• _PROBLEM TO SOLVE_:
The reply must consist of the complete listing, reproduced exactly, with no images included.

• _RECORDED INFORMATION_:
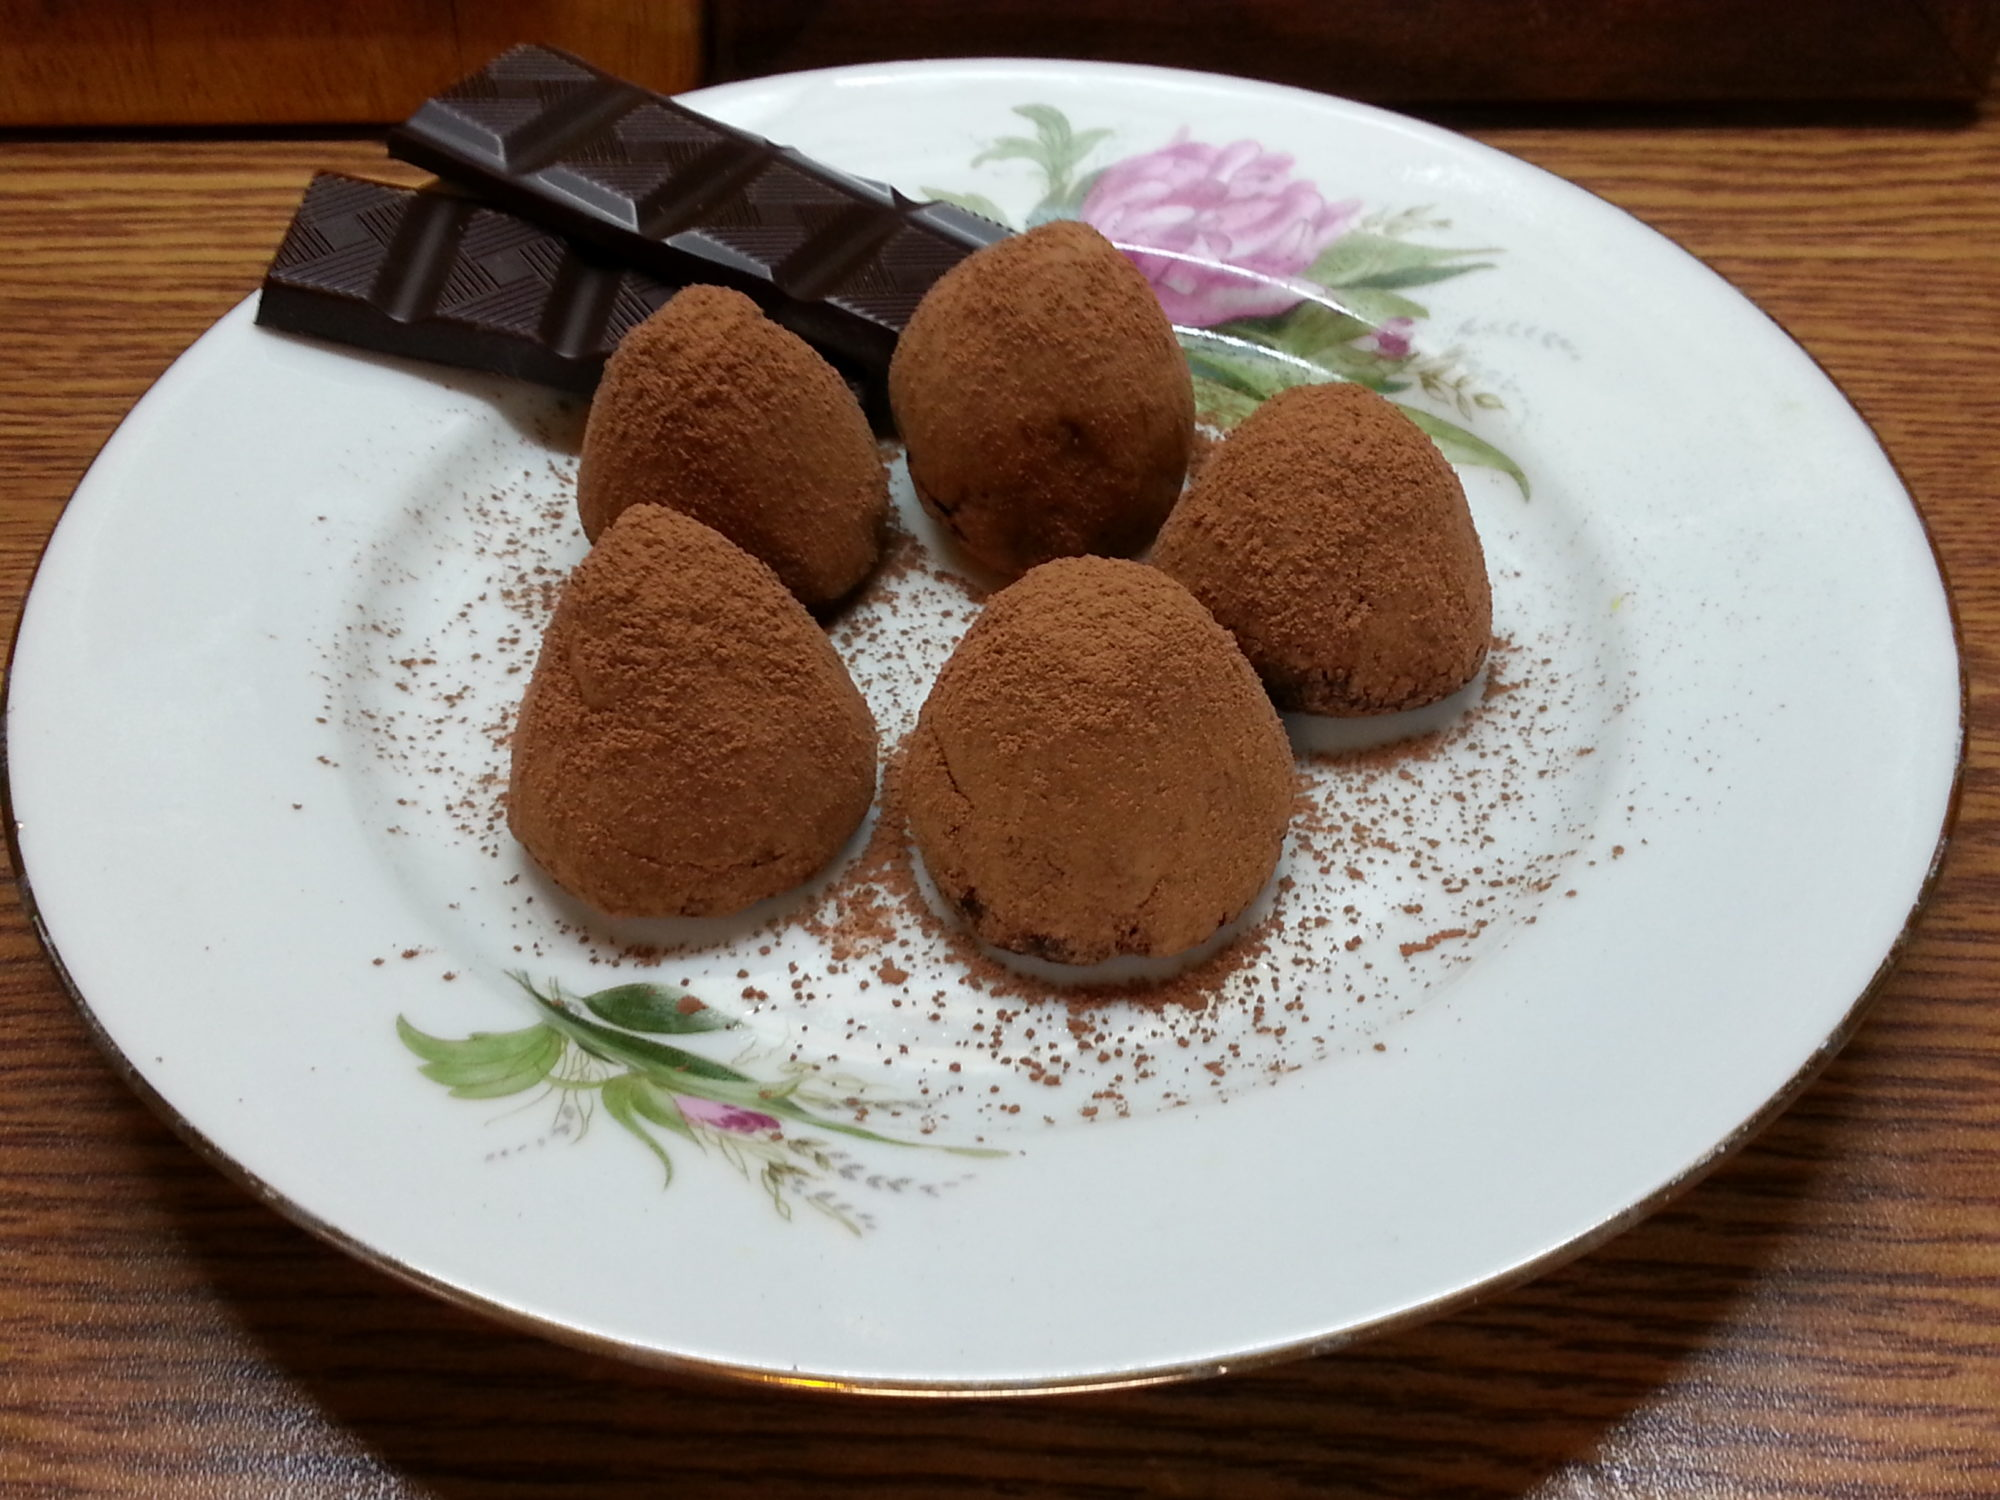 LCHF-конфеты «Трюфель»
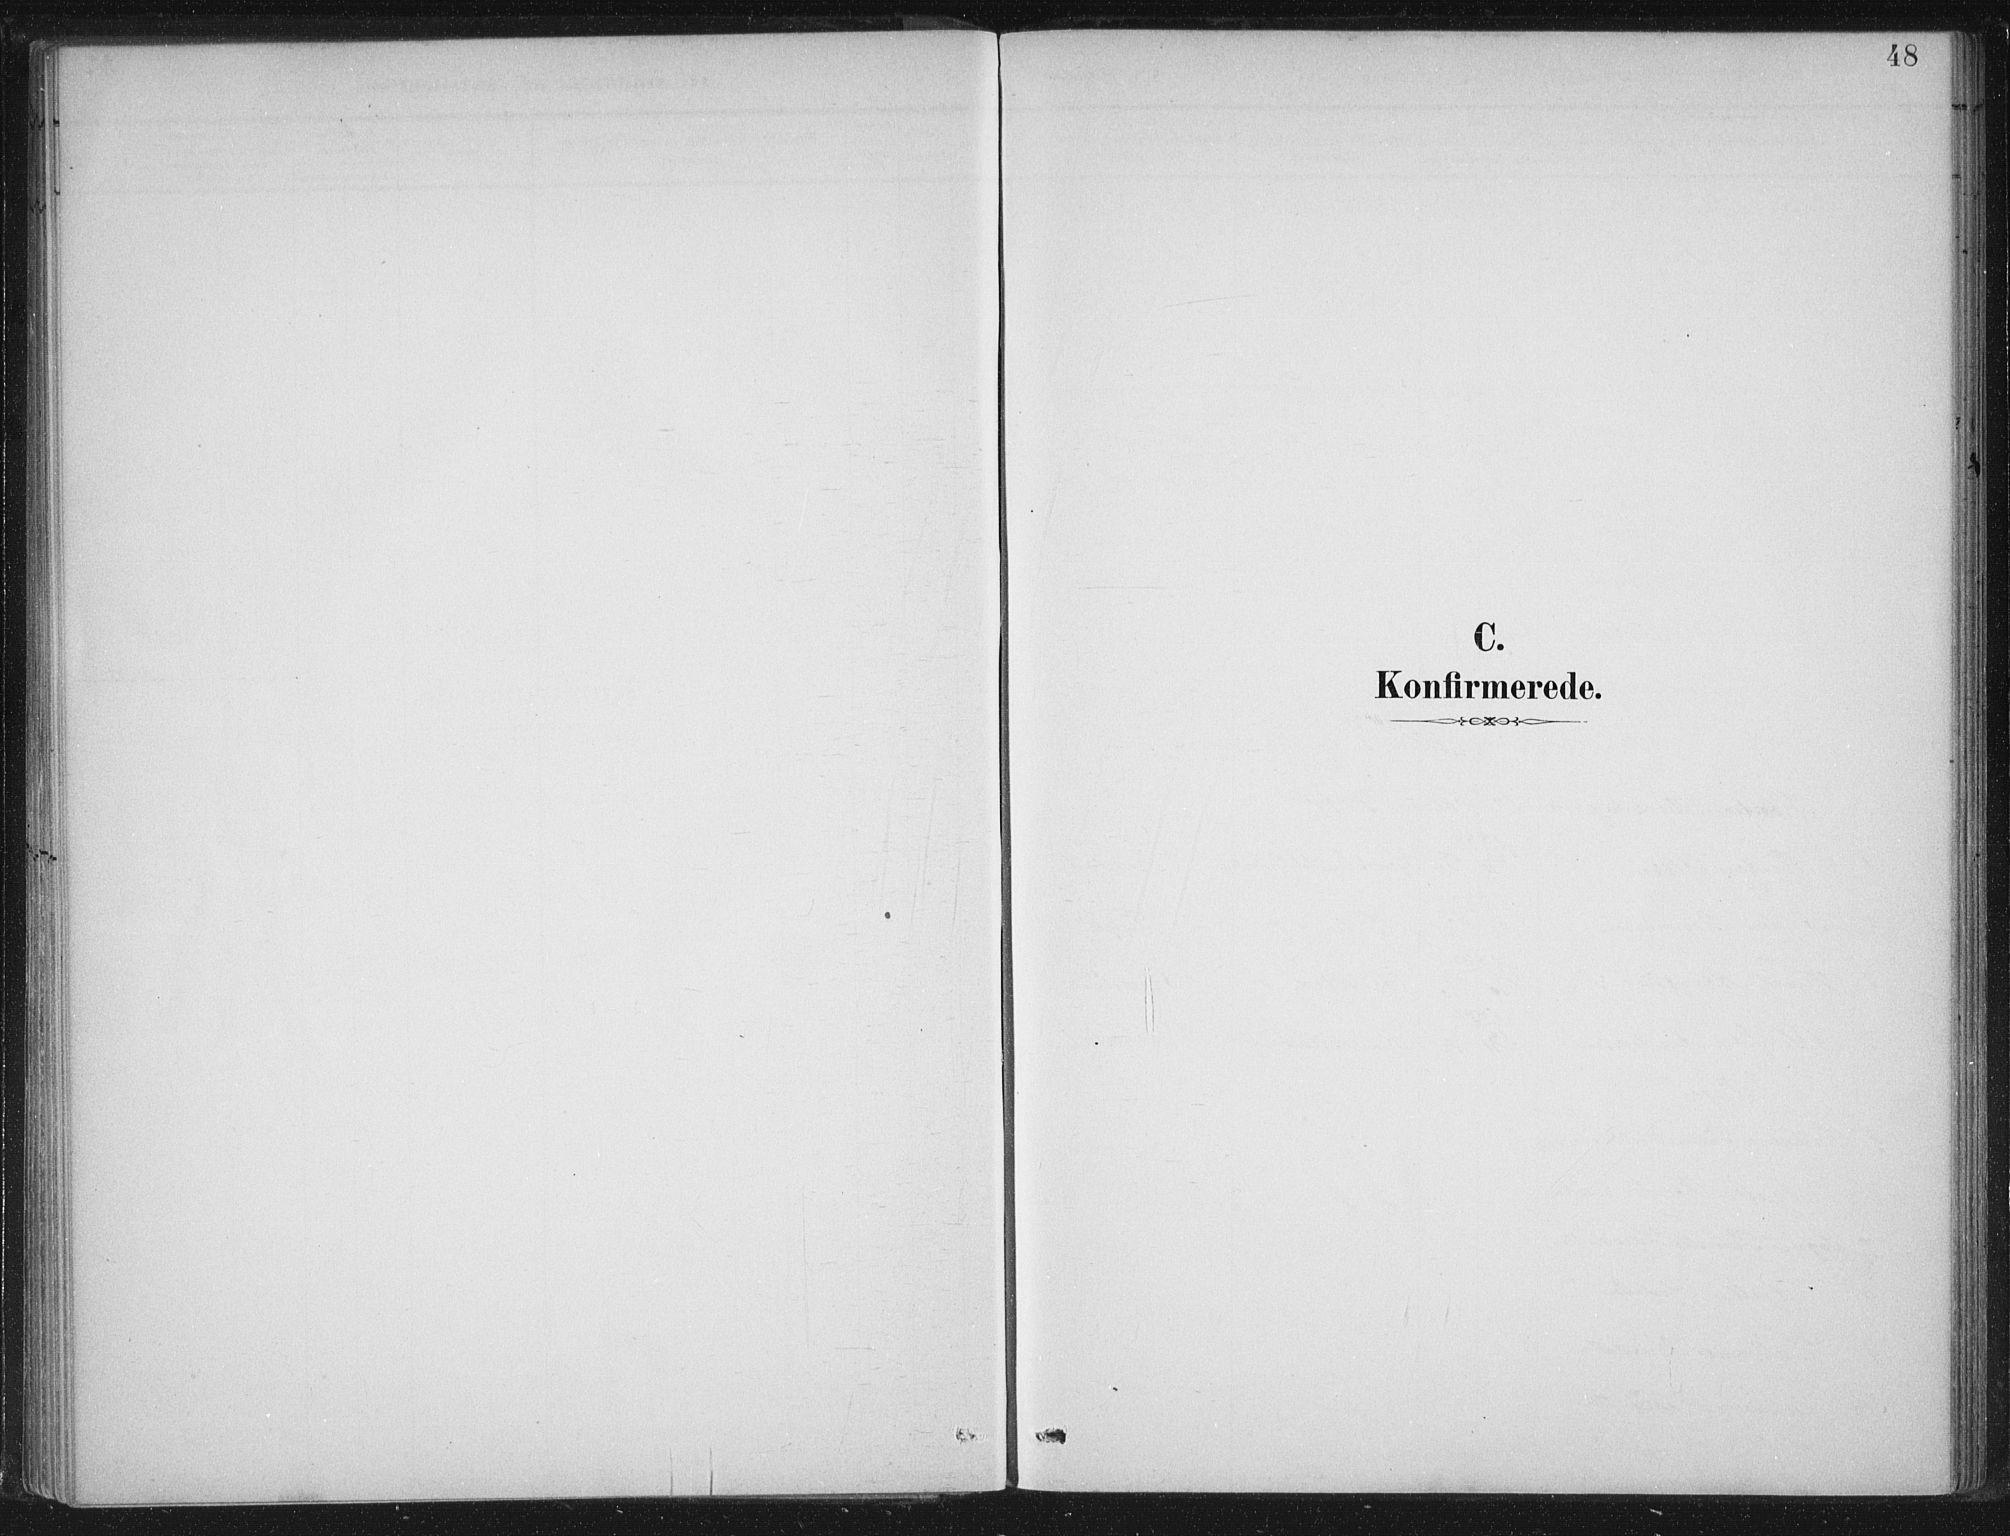 SAB, Gloppen sokneprestembete, H/Haa/Haad/L0001: Ministerialbok nr. D  1, 1885-1910, s. 48
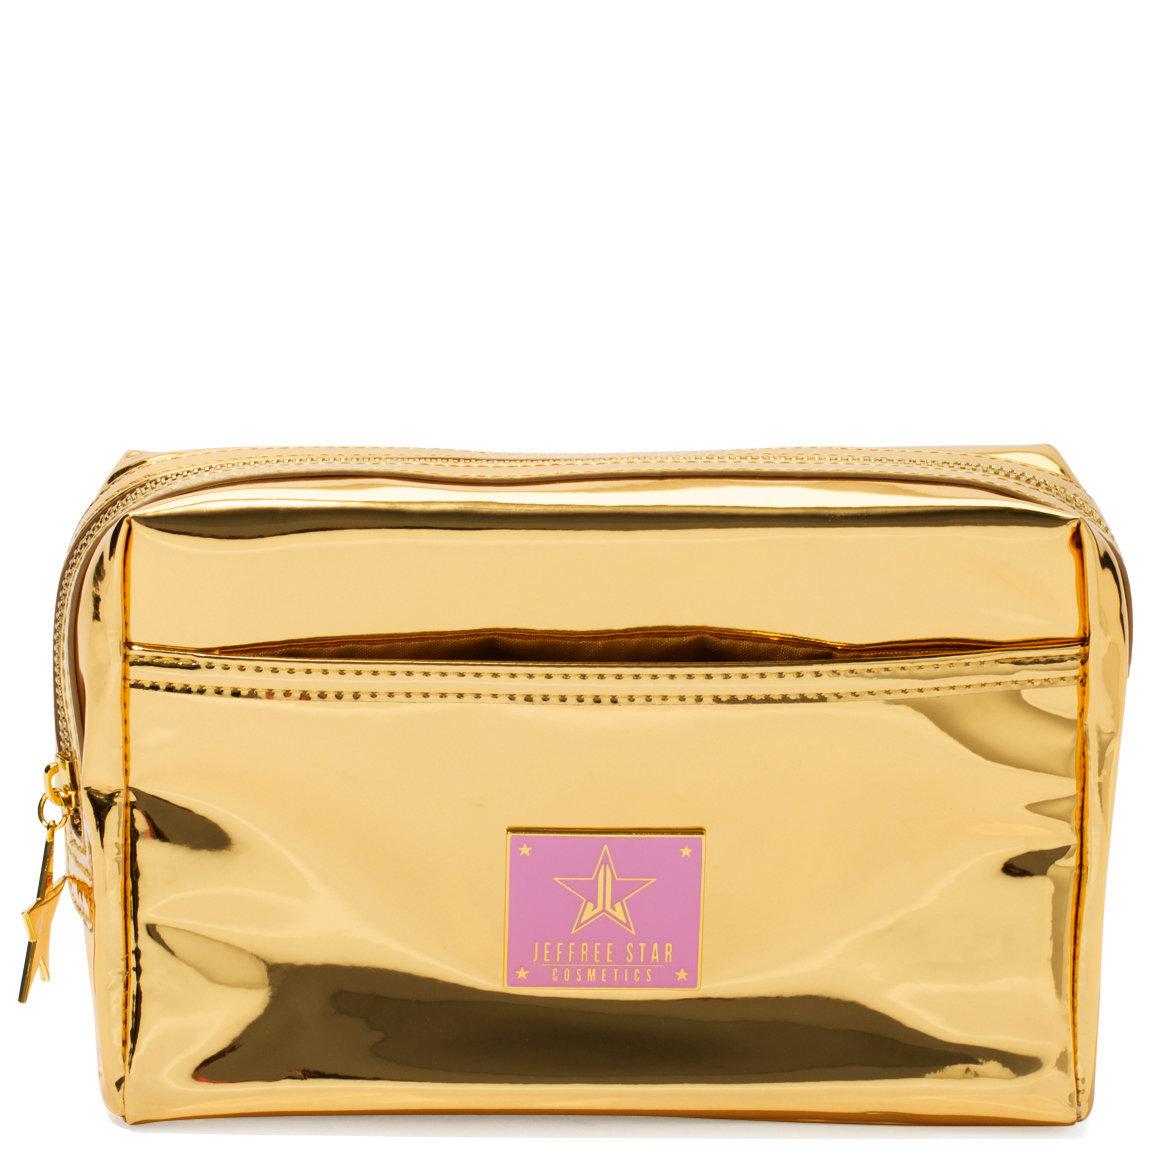 Jeffree Star Cosmetics Makeup Bag Reflective Gold product swatch.

• _ANSWER TO THIS PROBLEM_:
 LCHF-конфеты «Трюфель»
 SAB, Gloppen sokneprestembete, H/Haa/Haad/L0001: Ministerialbok nr. D  1, 1885-1910, s. 48
 Jeffree Star Cosmetics Makeup Bag Reflective Gold product swatch.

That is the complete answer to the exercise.